Data segment =
--- --- ---
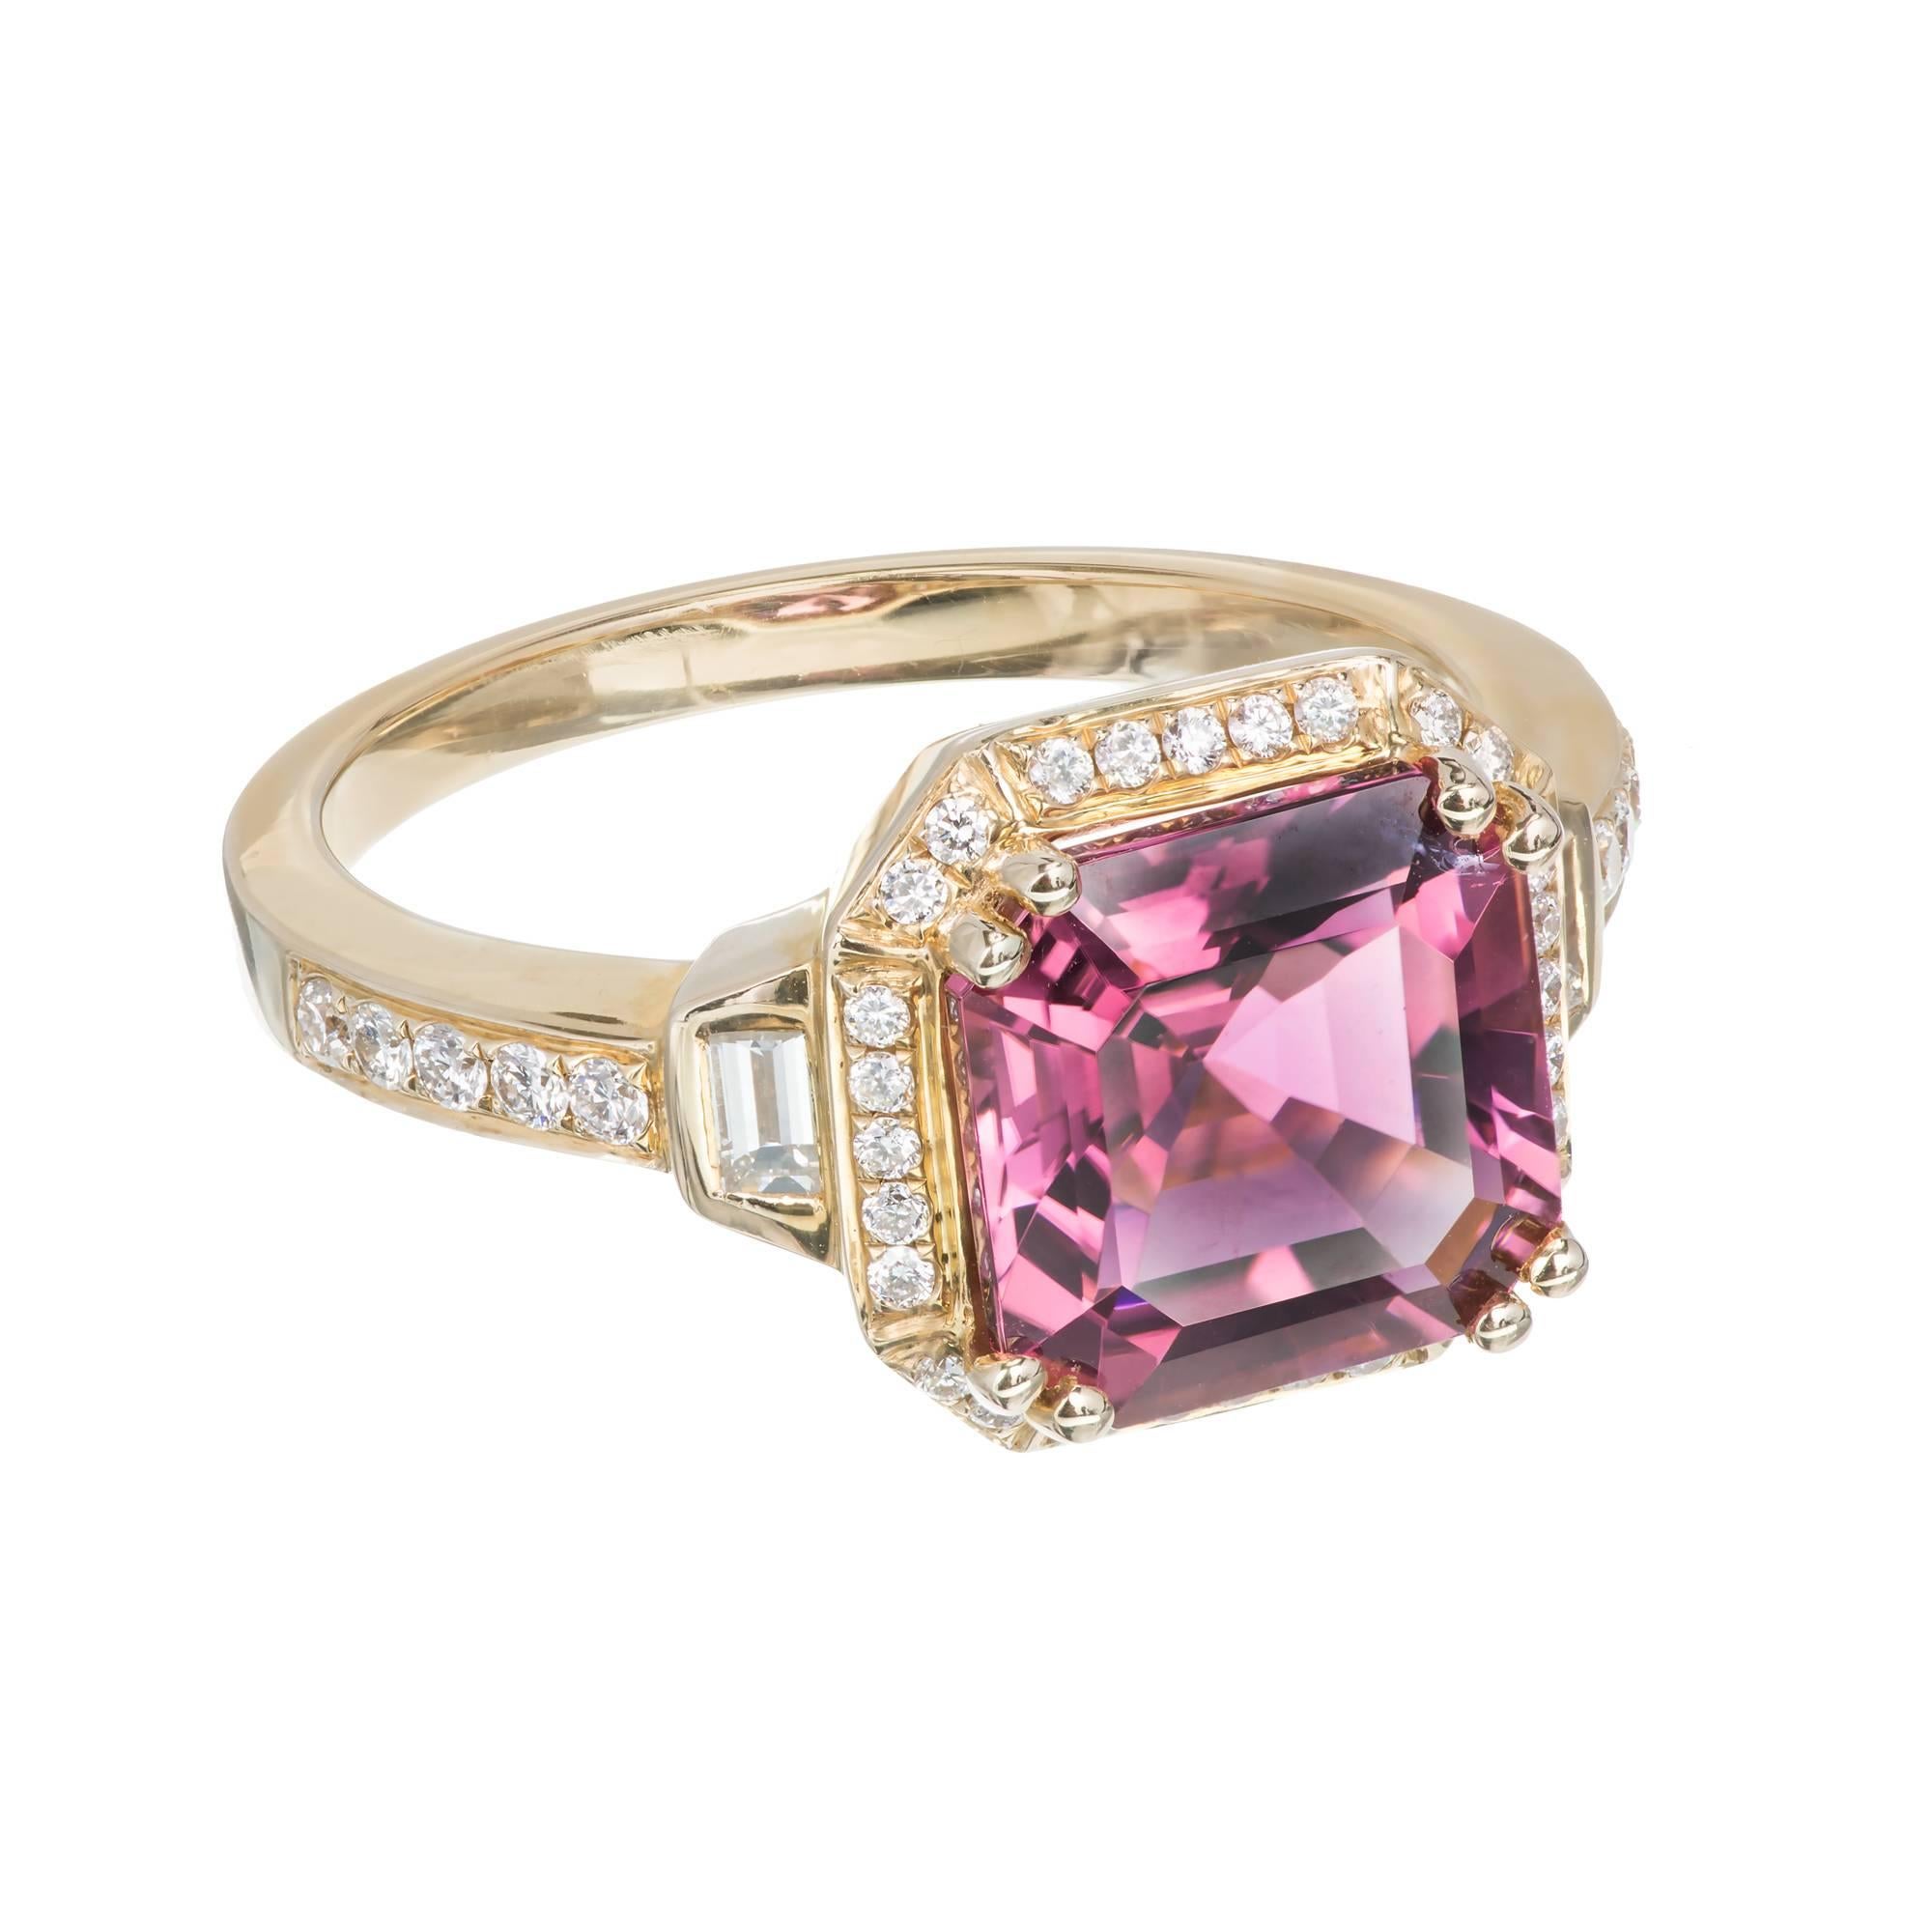 Square Emerald cut pink Tourmaline and diamond halo ring.  14k yellow gold signed JLJ. Small natural inclusions near one prong.

1 pink Tourmaline, approx. total weight 3.50cts, SI
38 round full cut diamonds, approx. total weight .15cts, H, VS
2
--- --- ---
Task requirements =
Please print the entire listing again exactly, minus its images.

Answer section =
 Square Emerald cut pink Tourmaline and diamond halo ring.  14k yellow gold signed JLJ. Small natural inclusions near one prong.

1 pink Tourmaline, approx. total weight 3.50cts, SI
38 round full cut diamonds, approx. total weight .15cts, H, VS
2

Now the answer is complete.